Tocopherol contents and ratios of parental soybean lines under different thermal conditions

Toc contents and compositions were compared between seeds matured at 20 °C and 30 °C, and TK780 and B04009 were shown to have different seed Toc biosynthesis characteristics. TK780 produced seeds with tocopherol contents approximately two-fold higher than B04009, irrespective of the temperature during seed development (Table 1). B04009 produced more α-Toc than TK780 both in 20 °C (t = 8.36, p = 1.6 × 10− 4) and in 30 °C (t = 5.71, p = 1.3 × 10− 3) despite of its lower total Toc content. The α-Toc content elevation in B04009 was associated with increments of both the (α + γ)/total ratio (ratio of the sum of α-Toc and γ-Toc contents to the total Toc content) and the α/γ ratio (ratio of the α-Toc content to the γ-Toc content), reflecting the extent of conversions from MPBQ to DMPBQ and from γ-Toc to α-Toc, respectively. The α-Toc contents increased as temperatures increased in both B04009 (t = 7.57, p = 1.3 × 10− 4) and TK780 (t = 3.80, p = 0.032), as reported in previous studies [26,27,28,29,30,31,32]. The (α + γ)/total and α/γ ratios also increased as temperatures rose, and the increase in the α/γ ratio of B04009, which increased 5.5-fold more at 30 °C than at 20 °C, was particularly marked (Table 1).

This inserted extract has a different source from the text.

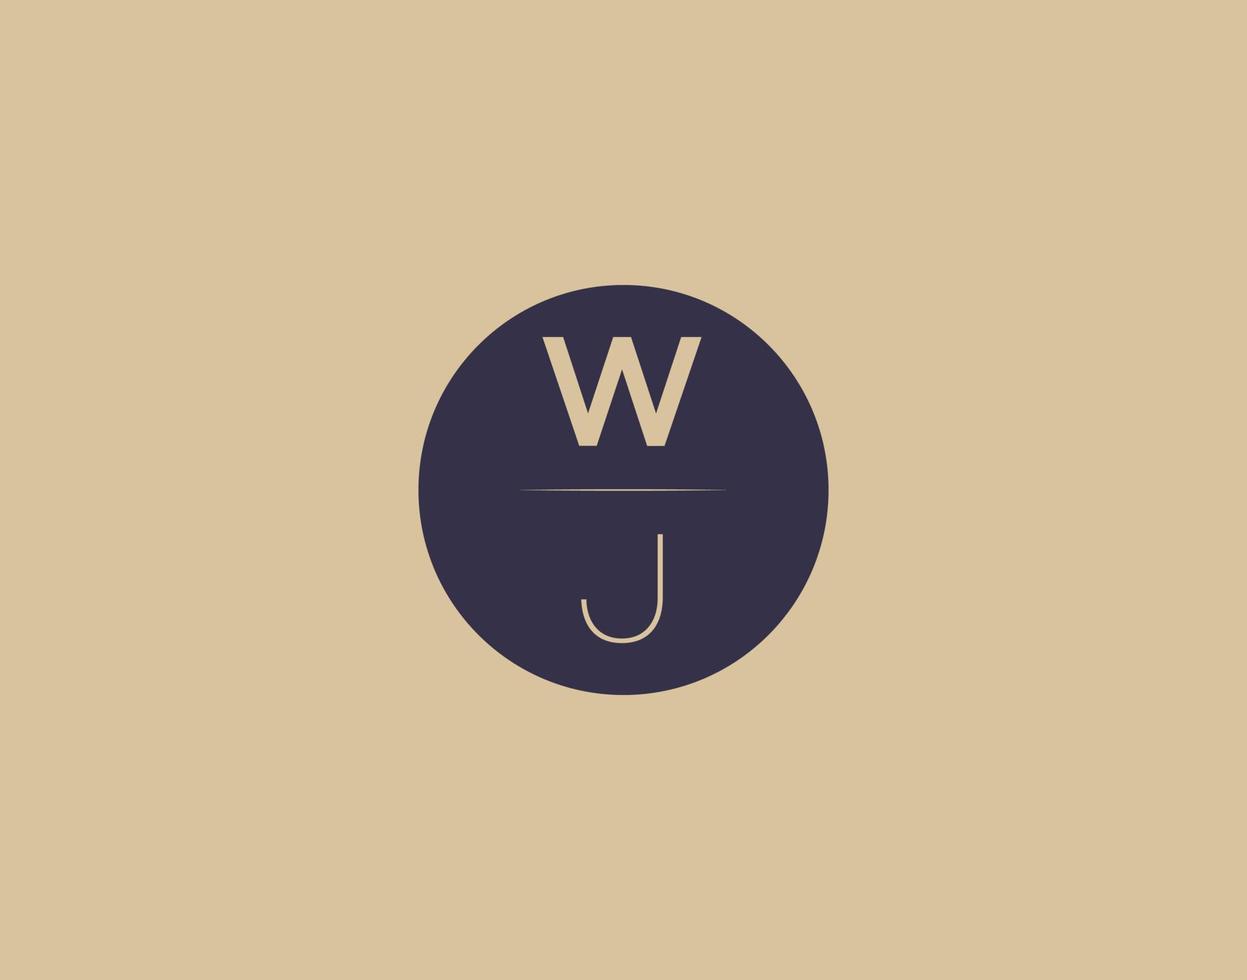 WJ letter modern elegant logo design vector images

Table 1 Tocopherol contents and ratios in seeds of TK780 and B04009 produced in different thermal conditions

Variation of α-tocopherol contents and ratios in RIL populations

Ninety-four RILs were developed by a single-seed descent method from the F2 population of the cross between TK780 and B04009. The two parents differed in flowering habits; under natural daylength (ND) conditions of Sapporo (43°07′N, 141°35′E), TK780 flowered in the middle of July whereas B04009 flowered in late September. The flowering time of RILs also varied widely within the range of parents’ flowering time under ND conditions (data not shown). To reduce the variation induced by different thermal conditions associated with flowering and maturing times, the RILs were grown under short-day conditions in a greenhouse where the air temperature was controlled at 25 °C.

The seed Toc contents in the RILs varied continuously in a range of parental values in δ-Toc, γ-Toc, and total Toc contents, but the α-Toc content was slightly over the parental values in the 2 yrs tested (2016 and 2017) (Fig. 2). The α-Toc contents ranged from 7 to 115 μg/g in 2016 (24 μg/g seed in TK780, 62 μg/g seed in B04009) and from 9 to 91 μg/g in 2017 (32 μg/g seed in TK780, 46 μg/g seed in B04009). The correlation coefficients between years were significant in all contents (P < 0.01); the highest was seen in the α-Toc content (r = 0.772), suggesting that the biosynthesis of α-Toc was relatively stable compared with that of other tocopherol contents (Additional file 1A). The α-Toc contents did not correlate with δ-Toc and γ-Toc contents in either year (Additional file 1B), but weakly correlated with total Toc contents; the correlation coefficient (r = 0.292) was significant only in 2016 (P < 0.01; Fig. 3a and b). In contrast, there were strong positive correlations (r = 0.747 to 0.931) among δ-Toc, γ-Toc, and total Toc contents (Additional file 1B).

Fig. 2
figure 2

Tocopherol content variation in seeds in RILs of the cross between TK780 and B04009. Closed arrow: B04009, Open arrow: TK780.

Fig. 3
figure 3

Scatter diagrams showing relationship between seed α-Toc contents with total tocopherol (Toc) contents and Toc ratios in RILs of the cross between TK780 and B04009. Correlations between the seed α-Toc content and the total Toc contents in 2016 (a) and in 2017 (b). Correlations between the seed α-Toc contents and the (α + γ)/δ-Toc ratios in 2016 (c) and 2017 (d). The (α + γ)/δ-Toc ratio is the ratio of the sum of α- and γ-Toc contents to the total δ-Toc content. Correlations between the seed α-Toc content and the α/γ-Toc ratios in 2016 (e) and 2017 (f). The α/γ-Toc ratio is the ratio of the α-Toc content to the γ-Toc content. **, P < 0.01; ns, non-significant.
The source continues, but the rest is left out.